On May 15, UTair Airlines released its Q107 RAS financials. The company posted nearly 55% y-o-y topline growth to $140.7 mln. Costs advanced 45.5% to $133.2 mln which enabled the company to report positive EBIT of $1.2 mln. However, as a result of considerable expenses on debt servicing, the company's net profit remained negative, -$3.3 mln.
| Indicator | Q106 | Q107 | Q107/ Q106 |
| Revenue |
91.2 |
140.7 |
54.4% |
| Opex |
91.5 |
133.2 |
45.5% |
| EBIT |
-0.3 |
1.2 |
- |
| Net profit |
-3.5 |
-3.3 |
- |
Considerably stronger earnings were attributable to active development of UTair's aviation business.
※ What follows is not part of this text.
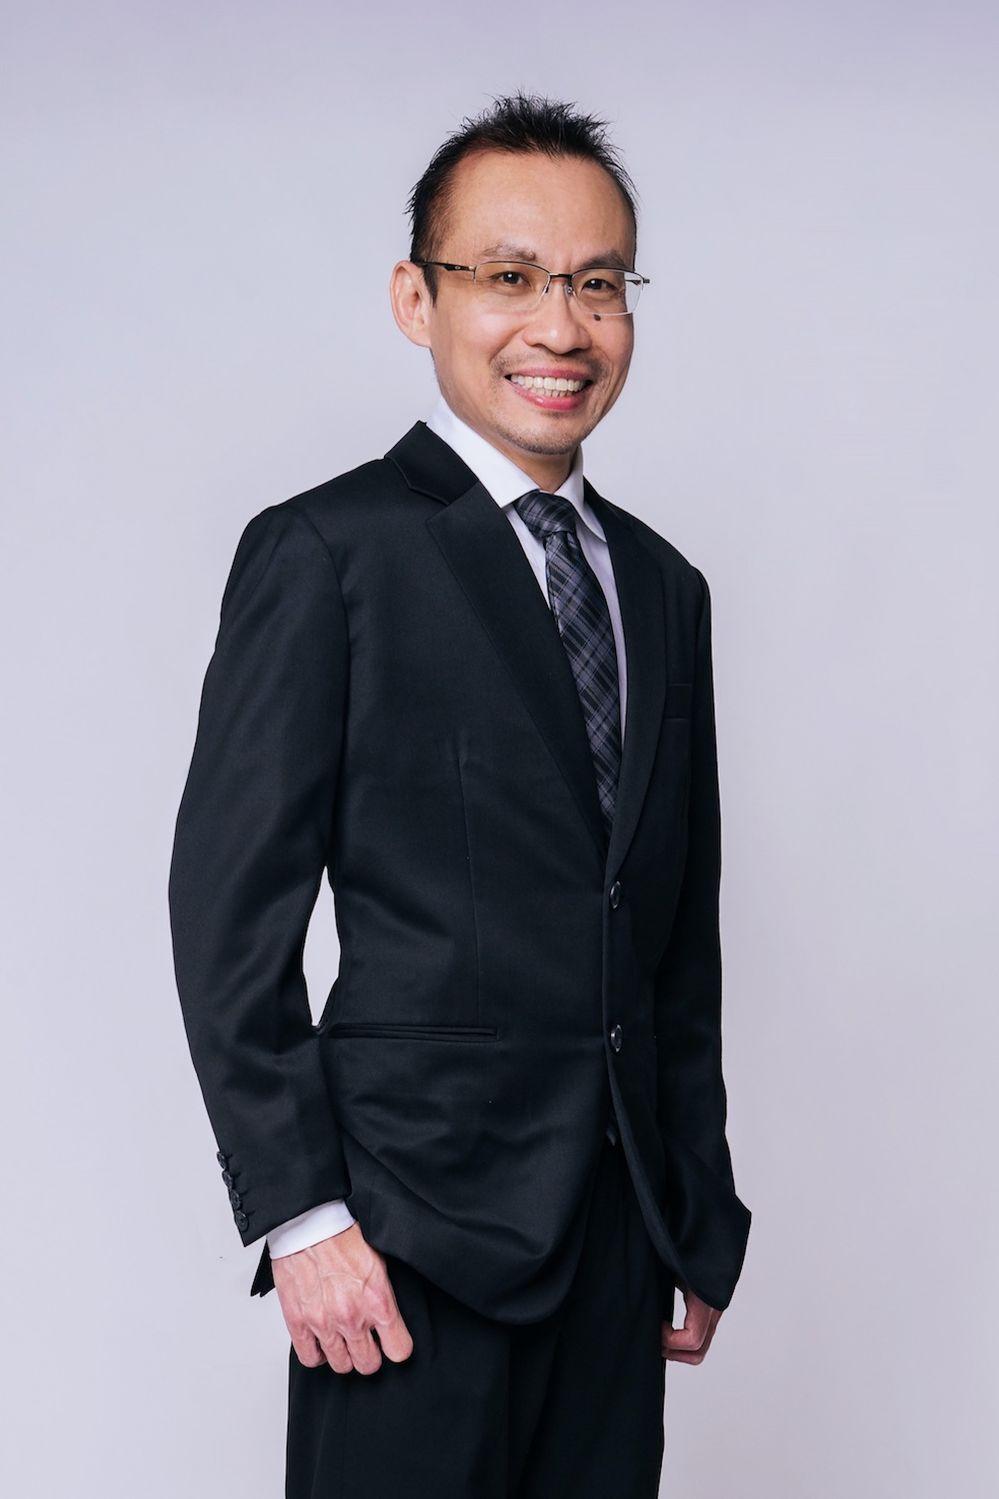 Leonard-Tay - EDGEPROP SINGAPORE

The company managed to ramp up passenger traffic by over 25% y-o-y in Q107. Meanwhile, helicopter operations contracted slightly. Such a trend underscores the company's strategic priorities in rolling out the aviation transport segment. Given fierce competition in the industry, we question the viability of such a strategy. In our opinion, the helicopter segment, which is characterized by stronger margins, weaker competition and generated the company's entire profit in 2006, is also very important.
A March accident involving the company's airplane in Samara still exerts a certain negative impact. The company's passenger traffic growth has been in decline y-o-y since March. In 2M07, growth topped 28%, while it was 25% in Q107 and 22% in January-April. However, we do not expect negative trends to develop and believe that UTair could post 20-25% passenger traffic growth in 2007.
Overall, we view the report as upbeat. Topline growth coupled with reduced costs clearly underscores the company's stronger margins which should push up UTair stock valuations. We reiterate our Buy recommendation on UTair commons with a fair price of $0.66 per common share which implies 25% upside potential.